Department of Engineering Sciences, Universidad Andres Bello, Quillota 980, Viña del Mar, 2531015, Chile.
Faculty of Engineering, Universidad Andres Bello, Quillota 980, Viña del Mar, 2531015, Chile.
Accid Anal Prev. 2018 Nov;120:195-210. doi: 10.1016/j.aap.2018.08.022. Epub 2018 Aug 28.

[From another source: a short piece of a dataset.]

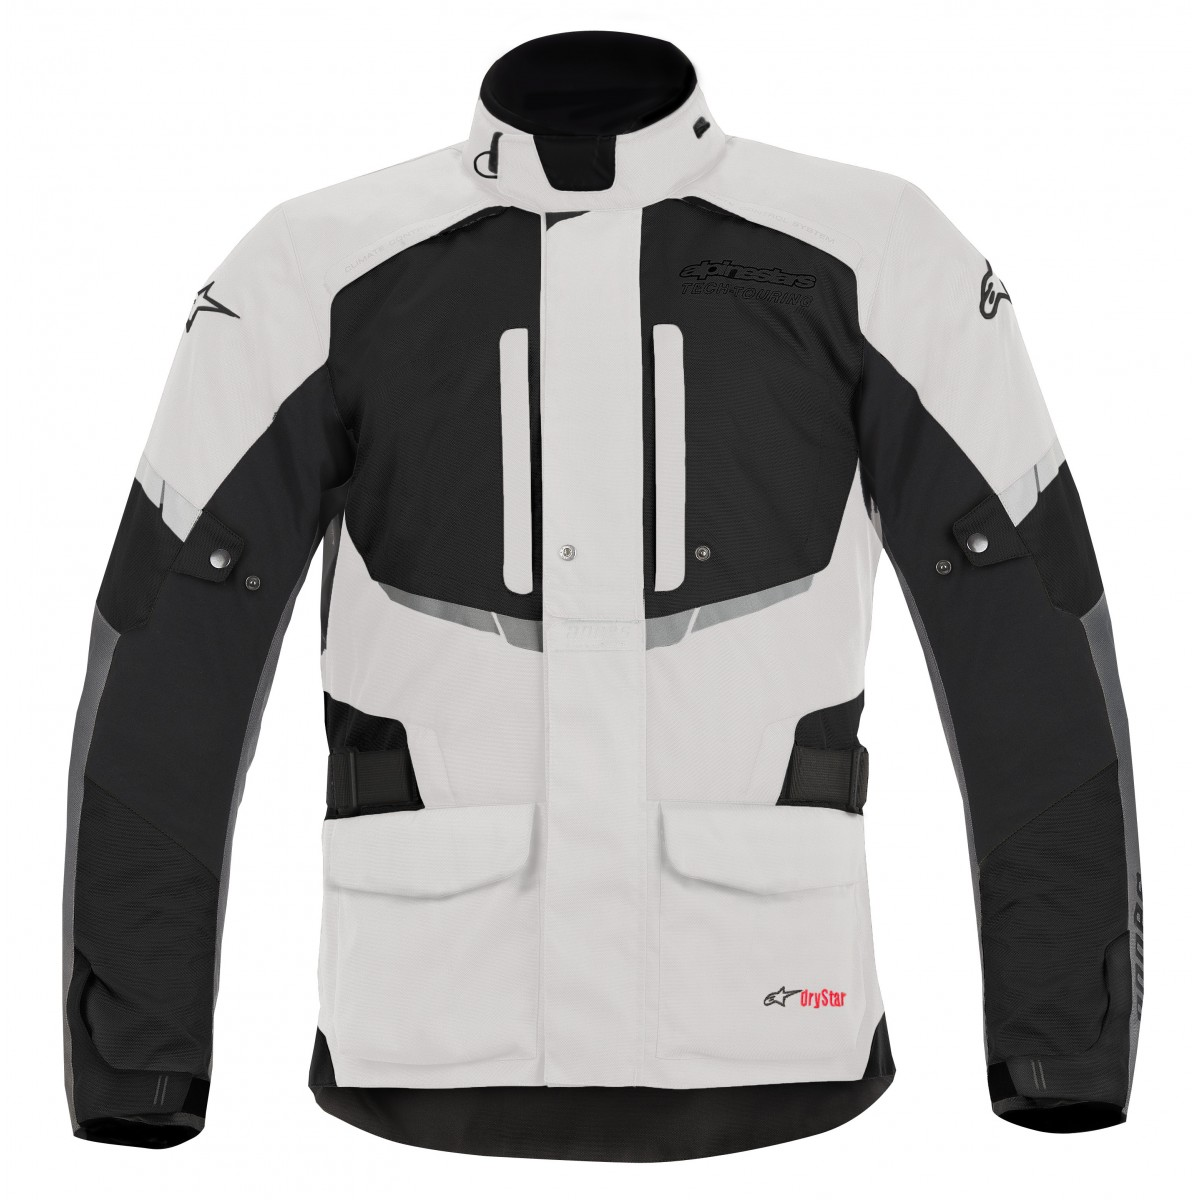 0 Jaqueta Alpinestars Andes Drystar® WP Cinza Claro (Só XL/2XL/3XL ) para Big Trail  - Super Bike - Loja Oficial Alpinestars

The growing number of cargo trucks on highway crashes in recent years due to the increase in freight movement in Chile motivates this study to identify the formation of persistent crash clusters on highway Ruta 5 (R5). Two spatial statistical methods (Moran's I and Getis-Ord Gi*) were used to determine whether crashes on this highway showed spatial clustering over time from a global and local perspective. Globally, recurrent crash clusters are spatially correlated on vertical curves and straight highway sections on northern R5 with different truck types and with the tractor-trailer units during rainy days on southern R5. The local spatial autocorrelation results suggest that the contributing causes related to the loss of control of the vehicle, the fatigue and imprudence of the driver, and crashes involving tractor units with trailer tend to cause persistent rollover crash clusters throughout R5. Overall, clustering of crash attributes with high values (i.e., hot spots) occurring on highway locations with vertical curves and on cloudy days predominated in the northern R5, and the largest number of recurrent hot spots occurred on sunny days along southern R5. A hot spot spatial co-occurrence analysis was further performed to identify the strong relationships between the studied crash attributes, and the crash and injury types as outcomes. The indication of high risk for the clustering of cargo trucks on highways crashes provides a basis for improving highway safety and reduce the associated social and economic costs.
近年来,由于智利货运量的增加,高速公路上的货车事故数量不断增加,这促使本研究旨在确定公路 Ruta 5(R5)上持续碰撞集群的形成。使用了两种空间统计方法(Moran's I 和 Getis-Ord Gi*),从全球和局部角度确定了这段公路上的事故是否随着时间的推移表现出空间聚类。从全局来看,在 R5 的北部,与不同类型的卡车以及在 R5 的南部雨天的拖拉机拖车单元相关的反复发生的碰撞集群在垂直曲线和直线路段上具有空间相关性。局部空间自相关结果表明,与车辆失去控制、驾驶员疲劳和轻率以及涉及带拖车的拖拉机单元的碰撞有关的原因可能导致整个 R5 持续发生翻车碰撞集群。总体而言,在具有垂直曲线和多云天气的公路位置上,具有高值(即热点)的碰撞属性聚类占主导地位,在 R5 的北部,反复出现的热点数量最多,而在 R5 的南部,晴天出现的热点数量最多。进一步进行了热点空间共现分析,以确定所研究的碰撞属性与作为结果的碰撞和伤害类型之间的强关系。表明高速公路上货车碰撞集群存在高风险,为改善公路安全和降低相关社会经济成本提供了依据。